Locus file (data file)

Description

Locus file contains information about disease allele frequency, marker allele frequencies, liability classes, penetrances etc.

Format

Locus file is general ASCII-text file. File format described here is so called LINKAGE format.

Simple locus files can be created with makedata and more complex with preplink. But usually all locus files can be created with makedata. Locus file structure is:

    Line 1: Number of Loci, Risk Locus, Risk Allele, Sexlinked (if 1), Program Code
    Line 2: Mutation Locus, Mutation Rate Male, Mutation Rate Female, Haplotype Frequencies (if 1)
    Line 3: Locus order

Then disease and marker loci information follows (locus type, number of alleles and allele frequencies). Usually disease loci is before marker loci. In pedigree file howto disease phenotype is before marker phenotypes, this is established practice. Example of fully penetrant dominant disease locus (with 2 alleles):

    1 2                     { locus type and number of alleles
    0.99 0.01               { gene frequencies (for normal and disease)
    1                       { number of liability classes
    0.0 1.0 1.0             { penetrances for liab. class 1, P(Aff|++), P(Aff|D+) and P(Aff|DD)

P(Aff|++) is phenocopy rate, P(Aff|D+) is penetrance for one disease allele and P(Aff|DD) is penetrance for two disease alleles.
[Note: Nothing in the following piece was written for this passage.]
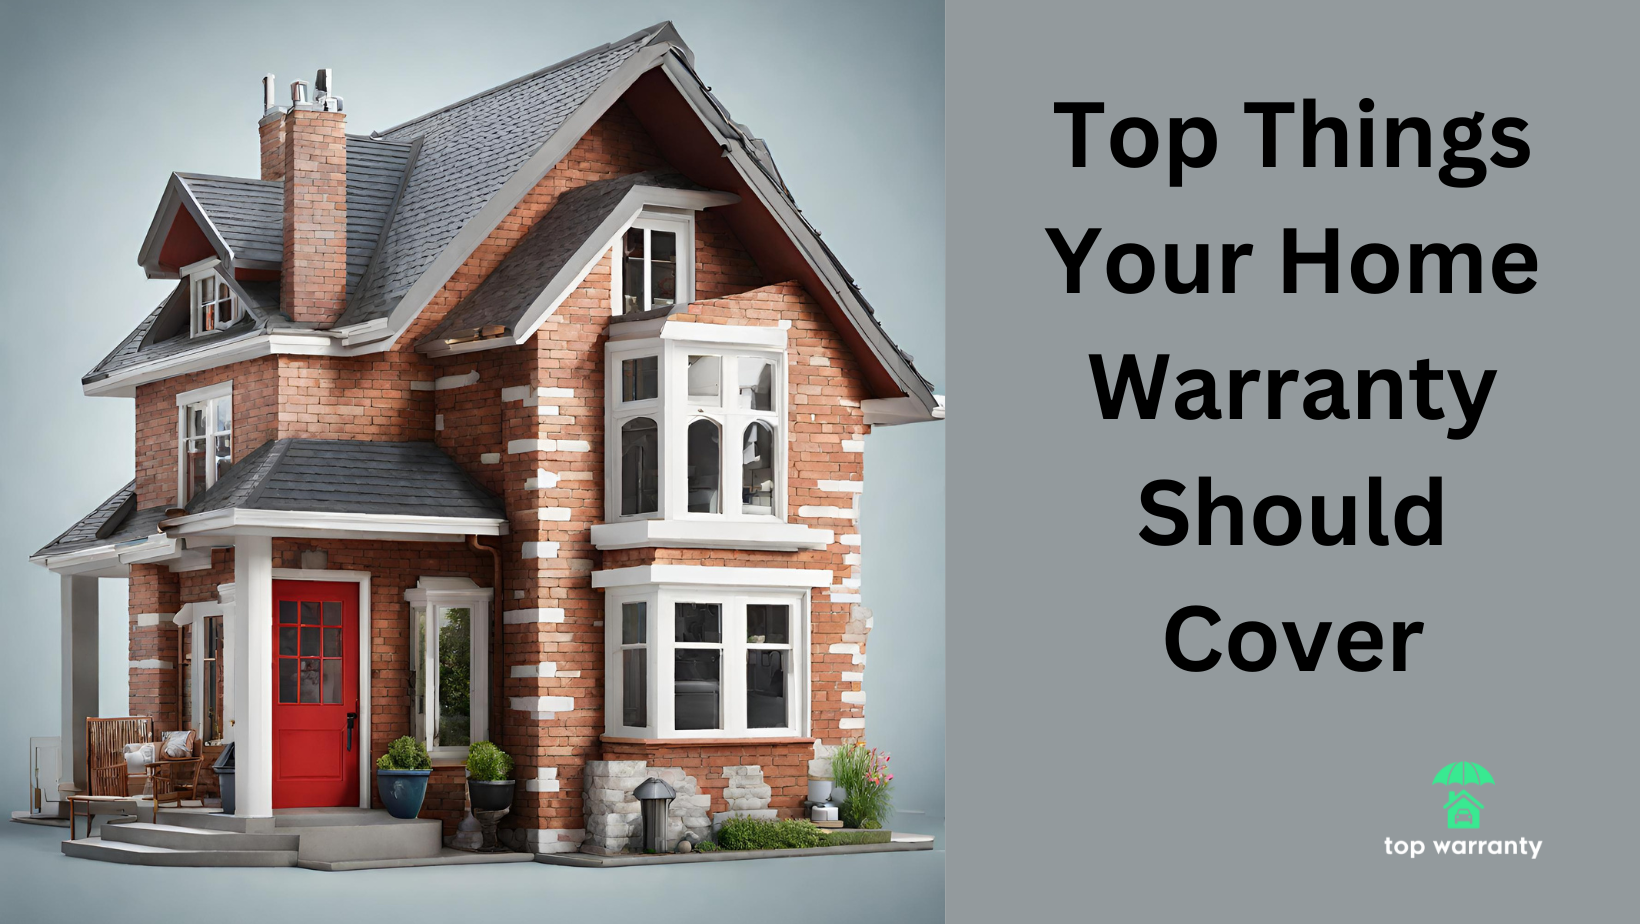 Top Things Your Home Warranty Should Cover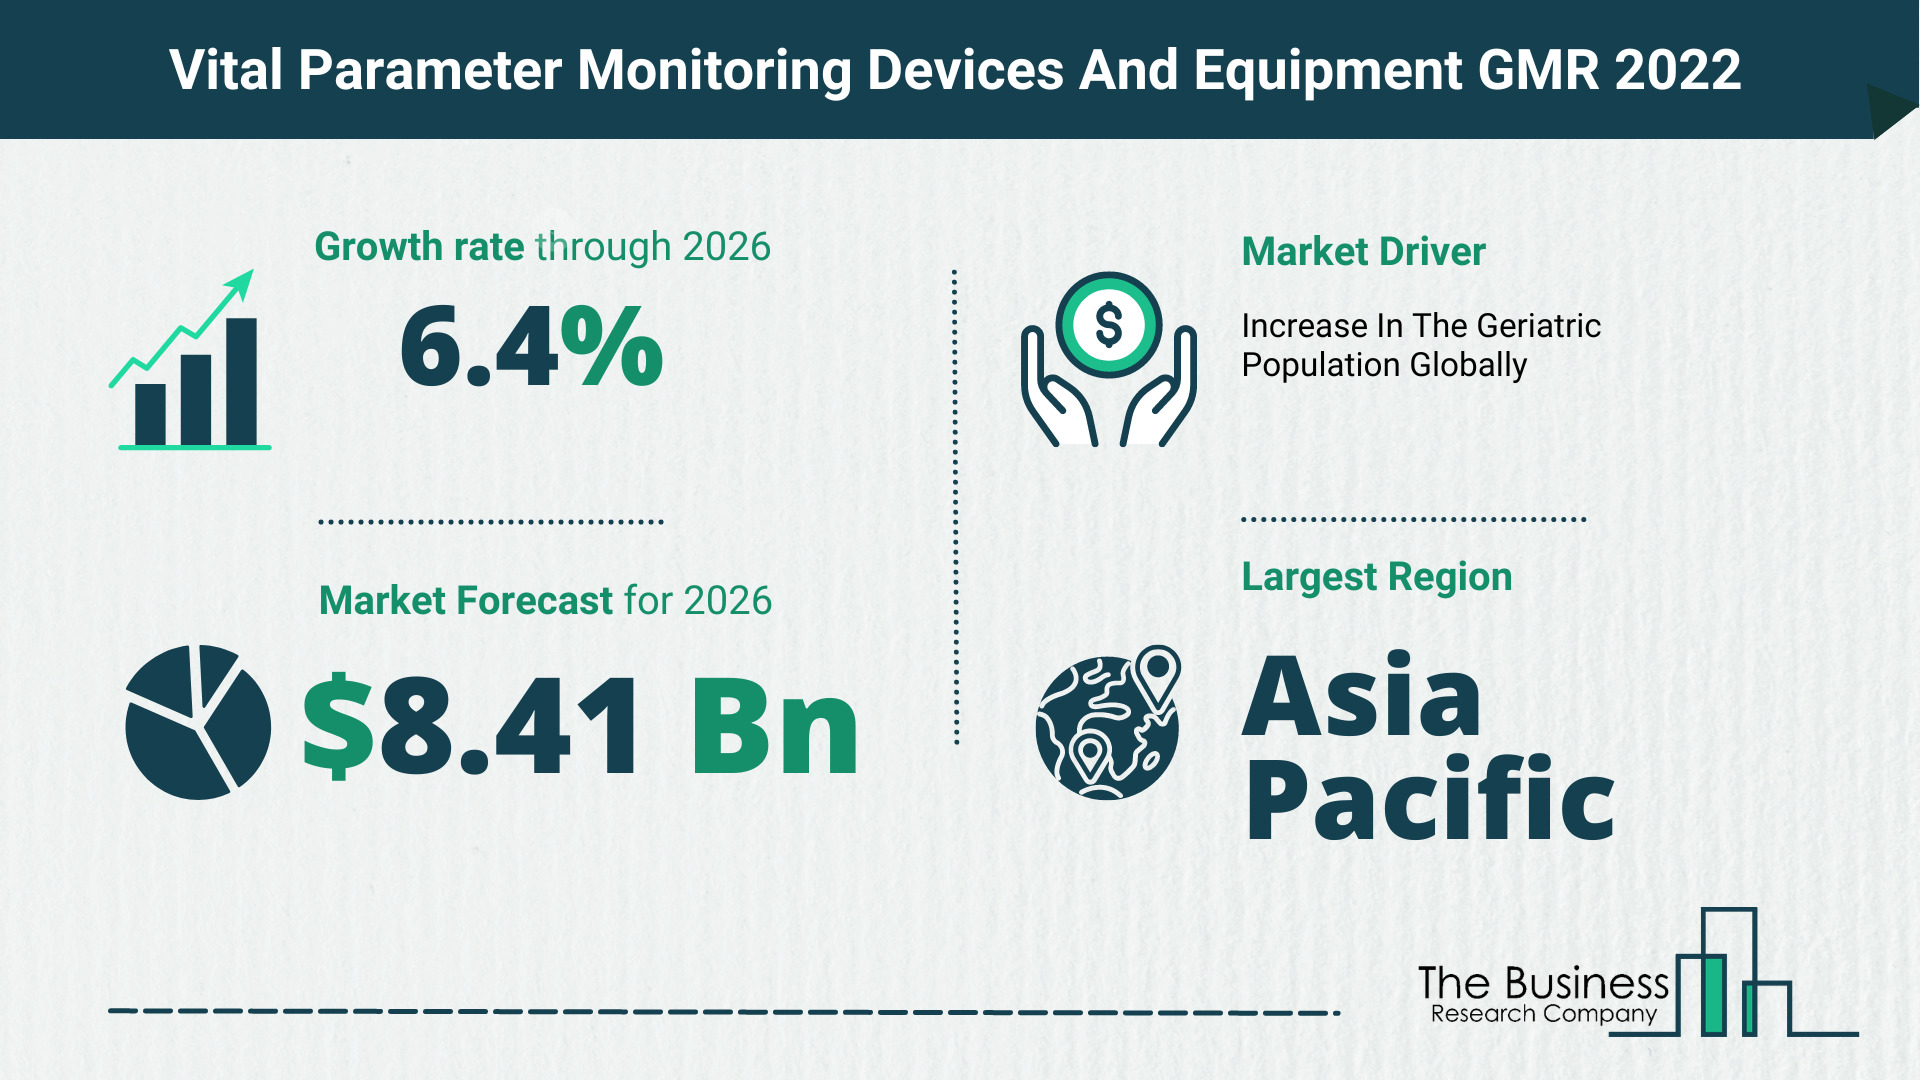 Latest Vital Parameter Monitoring Devices And Equipment Market Growth Study 2022-2026 By The Business Research Company

Then marker locus information is followed by disease locus. Example of marker locus with 4 alleles:

    3 4                     { locus type and number of alleles
    0.25 0.25 0.30 0.20     { gene frequencies

Locus file can contain any number of markers! And last three lines are:

    Third last  : Sex difference, Interference (if 1 or 2) 
    Second last : Recombination values between markers
    Last        : Recombination varied, Increment value, Finishing value

Example

Let's create 3 marker locus file (autosomal, fully dominant) with makedata:

    % makedata

    Makedata 1.4 (06/17/1999). This program creates data files for linkage
    analysis. Made by Tero Juntunen

    MAX liability classes       10
    MAX allele in one loci      50
    MAX loci in one chromosome  500

    How many marker loci?
    3
    Is this set of markers?
    (1) Autosomal
    (2) Sexlinked
    1
    What is the assumed frequecy of the disease allele?
    0.001
    How many liability classes?
    1
    Please enter penetrances for liability class 1.
    P(Aff|DD)   P(Aff|D+)   P(Aff|++)
    1.0 1.0 0.0
    What is the largest number of alleles at any markers?
    5
    Do you want to specify recombination fraction between markers?
    (0=No, 1=Yes, 2=AUTOSCAN option)
    0

    indata.dat created! Run downfreq to eliminate alleles
    and calculate correct allele frequences.

    %

And file looks like:

     4 0 0 5  << NO. OF LOCI, RISK LOCUS, SEXLINKED (IF 1) PROGRAM
     0 0.0 0.0 0 << MUT LOCUS, MUT MALE, MUT FEM, HAP FREQ (IF 1)
     1 2 3 4
     1 2  << AFFECTION, NO. OF ALLELES
     0.99900  0.00100 << GENE FREQUENCIES
     1 << NO. OF LIABILITY CLASSES
     0.0000  1.0000  1.0000 << PENETRANCES
     3 5  << ALLELE NUMBERS, NO. OF ALLELES
     0.200000 0.200000 0.200000 0.200000 0.200000 << GENE FREQUENCIES
     3 5  << ALLELE NUMBERS, NO. OF ALLELES
     0.200000 0.200000 0.200000 0.200000 0.200000 << GENE FREQUENCIES
     3 5  << ALLELE NUMBERS, NO. OF ALLELES
     0.200000 0.200000 0.200000 0.200000 0.200000 << GENE FREQUENCIES
     0 0  << SEX DIFFERENCE, INTERFERENCE (IF 1 OR 2)
     0.5000 0.10000 0.10000 << RECOMBINATION VALUES
     1 0.10000 0.45000 << REC VARIED, INCREMENT, FINISHING VALUE

Marker allele frequencies are set to equal, but after this correct allele frequencies are calculated with downfreq program.

Other formats

LINKAGE format is most used locus file format, but there are other programs which uses it's own formats like Mendel, Simwalk2 and Solar. Converting to other formats from LINKAGE see Mega2 howto.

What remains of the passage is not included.